The “Smart Communities, Smart Responders (SCSR) AI for IoT Prize Competition” asks participants to deliver an AI system to help first responders leverage the data coming from IoT devices, smart buildings, and other public data streams. The Texas A&M University (TAMU) and US Ignite will run this new program with $1.2 million in funding provided by NIST’s Public Safety Innovation Accelerator Program – Artificial Intelligence for IoT Information (PSAIP – AI3) cooperative agreement.
Like NIST’s CHARIoT Challenge, also led by US Ignite, the AI for IoT Prize Competition aims to use AI to aggregate and present environmental data in real-time in ways that make the information more useful and actionable for first responders. The CHARIoT Challenge offered teams more than $1M in prizes to develop cutting-edge AR and IoT data tools. Now, the AI for IoT Prize Competition seeks to spark innovative development of real-time data visualizations to help first responders solve complex challenges quickly in the field.
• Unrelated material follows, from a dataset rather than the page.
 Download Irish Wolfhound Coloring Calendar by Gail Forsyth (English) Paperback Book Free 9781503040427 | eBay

Real-Time Sensors @ Disaster City
A functional AI learning system requires a lot of IoT data. TAMU and US Ignite plan to place real-time sensors in key locations in Disaster City to collect real-world data. Disaster City is a world-renowned urban search and rescue training campus in Texas. It hosts more than 20,000 first responders annually.
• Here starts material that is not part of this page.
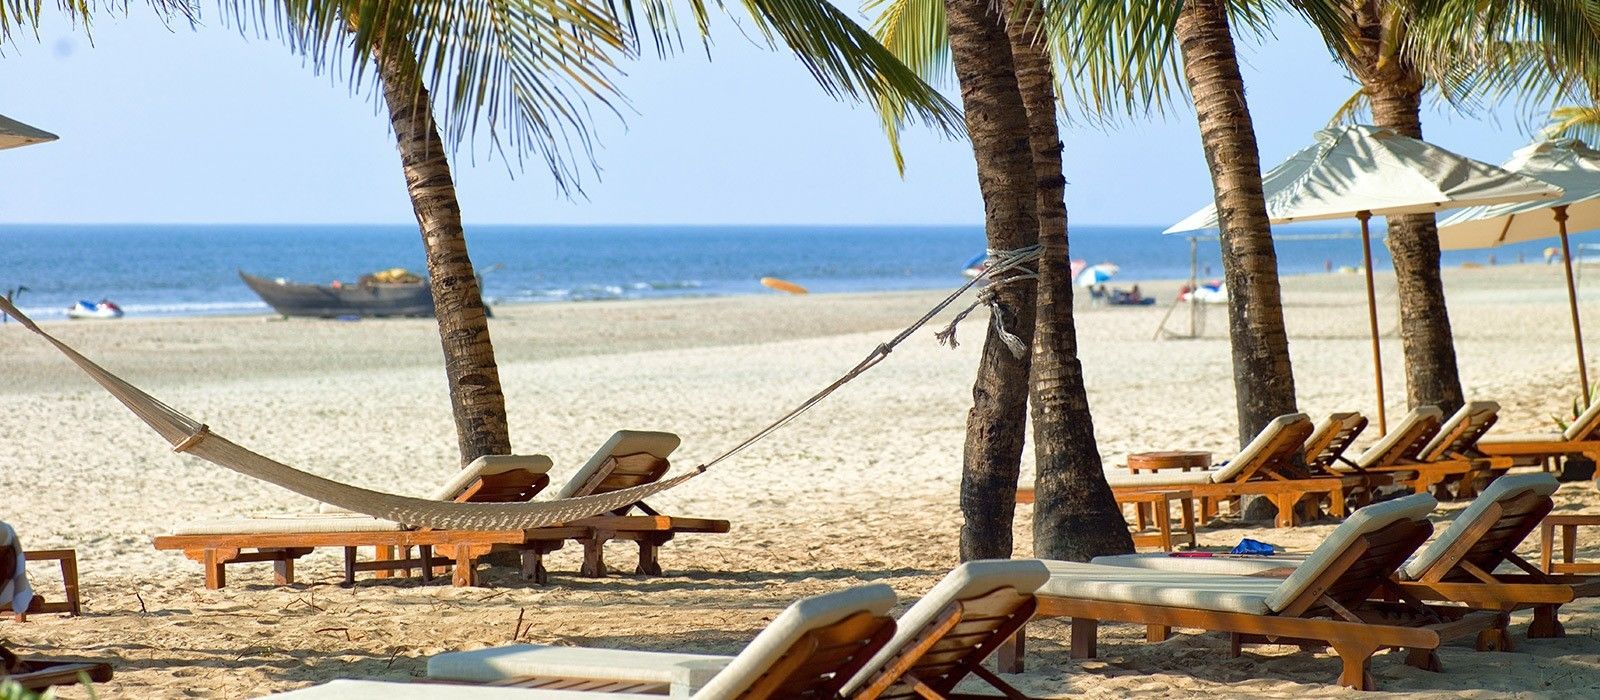 Wondering when's the best time to visit Goa? Here's the answer.

Developers and innovators participating in the AI for IoT Prize Competition will need to demonstrate the accuracy and scalability of an AI system. To advance in the competition (and subsequently win) the participant teams need to deliver a working system with end-to-end functionality and integrated operations to be useful to public safety professionals. Solutions will be put to the test in a live exercise.
While AI and IoT data collection are cool all on their own, the AI for IoT Prize Competition will have an even broader impact. Via this competition, TAMU and US Ignite envision establishing:
- Technical standards and best practices of real‐time data integration and visualization,
- Optimal AI/ML models to predict first responder actions across a wide range of scenarios, and
- User experience scenarios that enable first responders to act on simulation models, sensors, and mission‐driven predictions.
Successful attainment of these outcomes can revolutionize the way that first responders communicate and perform. Increased network connectivity makes the development of AI and ML technologies viable, and these technologies have the potential to radically improve threat response and ultimately save lives.